Description of the problem: VRAM leakage enables guest operating systems to access VRAM content from Qubes dom0 area, which can be a secruity risk, if dom0 is spied on in the right time or all the time. This can be done by allocating VRAM without initializing the content. The reason why GPU manufacturers don't implement initialization of VRAM content might be, because it decreases either the lifespan of the memory or slows down performance, although I can't site any sources on this. It's also possible that they had no reason to do so till now.

Possible approach: In order to change the situation one has to tell the graphic card to initialize after memory allocation. AMD has linux open source drivers, maybe a driver developer can investigate the altered behavior when such a function is implemented. But changing such a fundamental behavior could have devastating effects on the API, because everyone expect memory to behave the old way.

sajkbflksadbfkasdjf commented 2 years ago

A known problem why gpu acceleration in VMs is a secruity risk: It is not possible due to VRAM Leaks of graphic cards, read this report with many pictures as a proof. https://hsmr.cc/palinopsia/ (cited from whonix footnotes) https://www.whonix.org/wiki/Virtualization_Platform_Security#cite_note-3

Description of the problem: VRAM leakage enables guest operating systems to access VRAM content from Qubes dom0 area, which can be a secruity risk, if dom0 is spied on in the right time or all the time. This can be done by allocating VRAM without initializing the content. The reason why GPU manufacturers don't implement initialization of VRAM content might be, because it decreases either the lifespan of the memory or slows down performance, although I can't site any sources on this. It's also possible that they had no reason to do so till now.

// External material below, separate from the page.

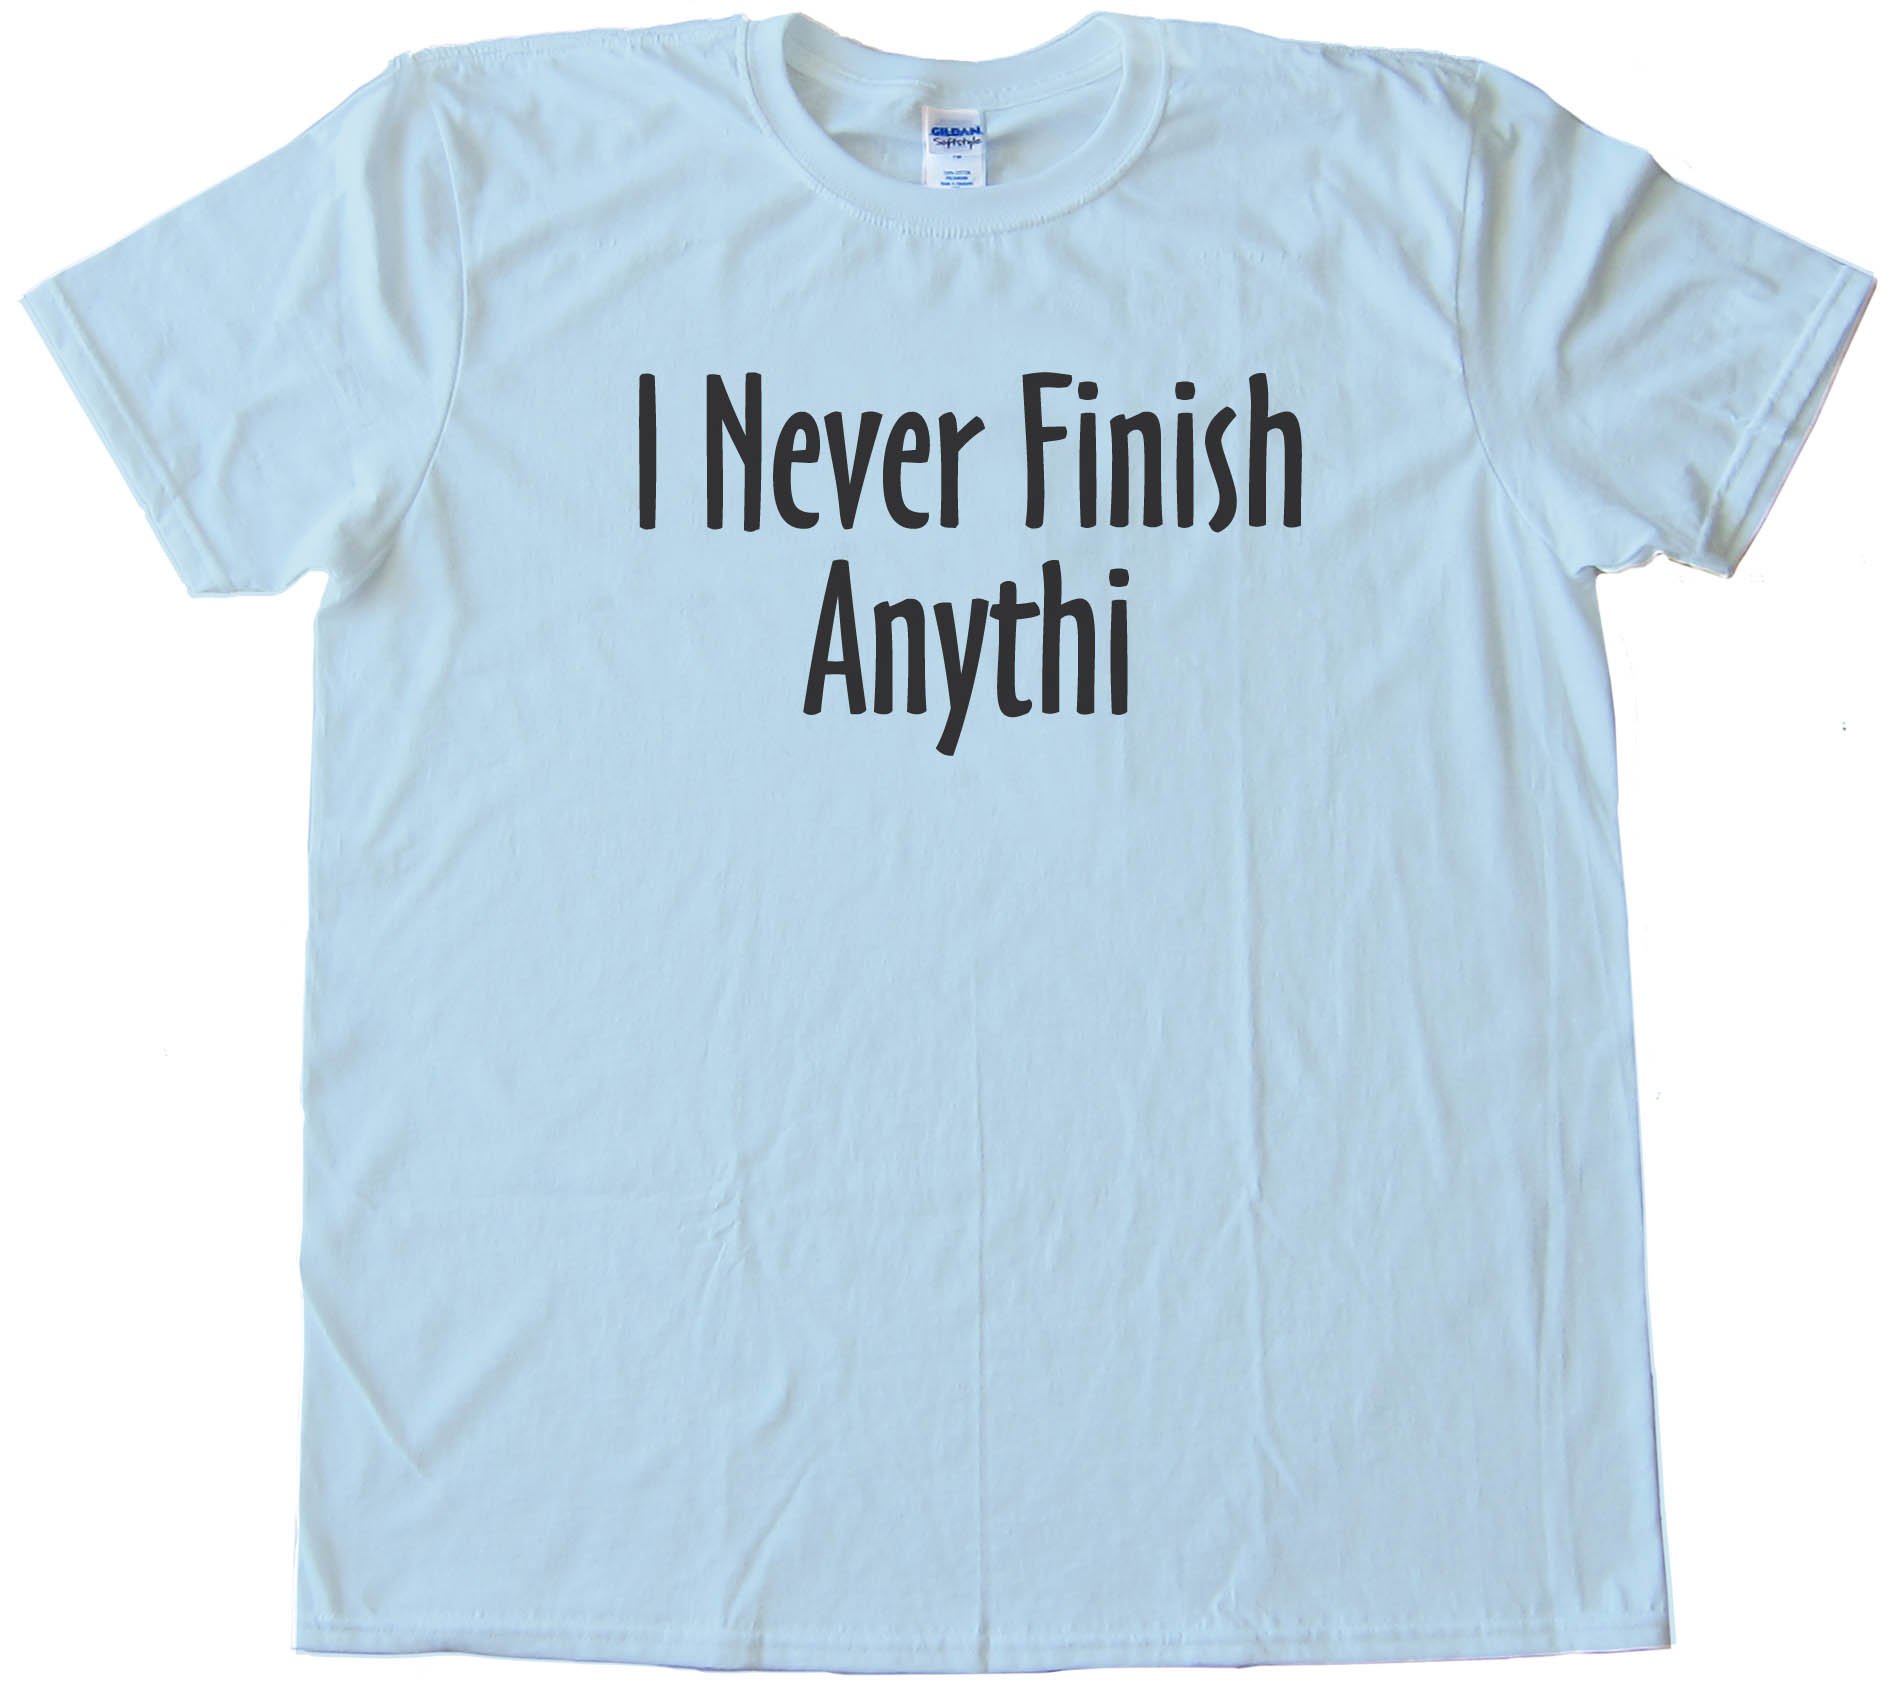 I Never Finish Anything - Tee Shirt

Possible approach: In order to change the situation one has to tell the graphic card to initialize after memory allocation. AMD has linux open source drivers, maybe a driver developer can investigate the altered behavior when such a function is implemented. But changing such a fundamental behavior could have devastating effects on the API, because everyone expect memory to behave the old way.

Why would this be a blocking issue? Couldn't we construct an additional virtualisation layer (maybe just draw a white screen to the buffer) so that no additional information is exposed? It should definitely be doable and wasting one of the two most powerful chips in your computer because the virtualisation is too hard to get right seems wasteful to me.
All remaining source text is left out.